Exercise goal:
Copy out the final stretch of the listing: the line that contains "Two personalized keychain" and all lines after it, exactly as they appear.

Data section:
#####
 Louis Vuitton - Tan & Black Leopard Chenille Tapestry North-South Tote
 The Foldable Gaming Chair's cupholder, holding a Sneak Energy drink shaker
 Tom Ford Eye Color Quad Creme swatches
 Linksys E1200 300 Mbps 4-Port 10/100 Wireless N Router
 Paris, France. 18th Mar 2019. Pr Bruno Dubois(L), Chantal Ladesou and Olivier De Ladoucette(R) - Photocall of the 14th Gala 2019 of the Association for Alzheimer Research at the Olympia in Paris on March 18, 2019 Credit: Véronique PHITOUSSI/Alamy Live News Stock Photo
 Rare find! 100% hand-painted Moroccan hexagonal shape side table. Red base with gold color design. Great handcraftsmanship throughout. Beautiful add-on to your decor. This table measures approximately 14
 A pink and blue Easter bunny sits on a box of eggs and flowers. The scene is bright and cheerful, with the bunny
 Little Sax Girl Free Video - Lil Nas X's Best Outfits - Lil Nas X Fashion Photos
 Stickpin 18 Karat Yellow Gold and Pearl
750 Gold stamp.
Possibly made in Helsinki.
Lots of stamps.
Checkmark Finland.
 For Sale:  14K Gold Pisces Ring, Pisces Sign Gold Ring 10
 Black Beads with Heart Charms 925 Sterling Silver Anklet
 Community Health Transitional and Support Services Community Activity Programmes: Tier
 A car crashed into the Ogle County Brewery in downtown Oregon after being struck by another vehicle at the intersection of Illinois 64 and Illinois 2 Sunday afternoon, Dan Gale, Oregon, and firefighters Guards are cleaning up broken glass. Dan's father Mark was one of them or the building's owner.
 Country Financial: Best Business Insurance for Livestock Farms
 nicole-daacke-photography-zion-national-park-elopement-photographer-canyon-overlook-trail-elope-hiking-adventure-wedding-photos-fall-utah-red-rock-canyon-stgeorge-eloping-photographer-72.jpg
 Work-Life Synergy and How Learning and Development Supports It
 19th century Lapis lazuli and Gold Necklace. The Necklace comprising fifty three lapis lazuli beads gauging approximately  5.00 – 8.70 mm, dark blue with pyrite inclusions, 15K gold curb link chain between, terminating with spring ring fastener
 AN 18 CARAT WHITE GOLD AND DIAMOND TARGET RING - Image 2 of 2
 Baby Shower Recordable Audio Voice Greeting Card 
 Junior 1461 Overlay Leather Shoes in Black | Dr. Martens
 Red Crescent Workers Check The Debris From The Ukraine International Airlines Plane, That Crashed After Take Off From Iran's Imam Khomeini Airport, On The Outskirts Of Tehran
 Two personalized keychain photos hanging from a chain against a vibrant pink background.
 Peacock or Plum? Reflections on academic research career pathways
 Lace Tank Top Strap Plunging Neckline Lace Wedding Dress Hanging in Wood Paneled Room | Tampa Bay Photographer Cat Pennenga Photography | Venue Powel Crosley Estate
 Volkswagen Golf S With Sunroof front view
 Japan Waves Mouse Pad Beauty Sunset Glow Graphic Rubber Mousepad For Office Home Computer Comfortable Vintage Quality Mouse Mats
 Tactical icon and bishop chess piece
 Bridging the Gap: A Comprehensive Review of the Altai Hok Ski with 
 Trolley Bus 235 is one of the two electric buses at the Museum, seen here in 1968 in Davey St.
#####
Output of the task:
 Two personalized keychain photos hanging from a chain against a vibrant pink background.
 Peacock or Plum? Reflections on academic research career pathways
 Lace Tank Top Strap Plunging Neckline Lace Wedding Dress Hanging in Wood Paneled Room | Tampa Bay Photographer Cat Pennenga Photography | Venue Powel Crosley Estate
 Volkswagen Golf S With Sunroof front view
 Japan Waves Mouse Pad Beauty Sunset Glow Graphic Rubber Mousepad For Office Home Computer Comfortable Vintage Quality Mouse Mats
 Tactical icon and bishop chess piece
 Bridging the Gap: A Comprehensive Review of the Altai Hok Ski with 
 Trolley Bus 235 is one of the two electric buses at the Museum, seen here in 1968 in Davey St.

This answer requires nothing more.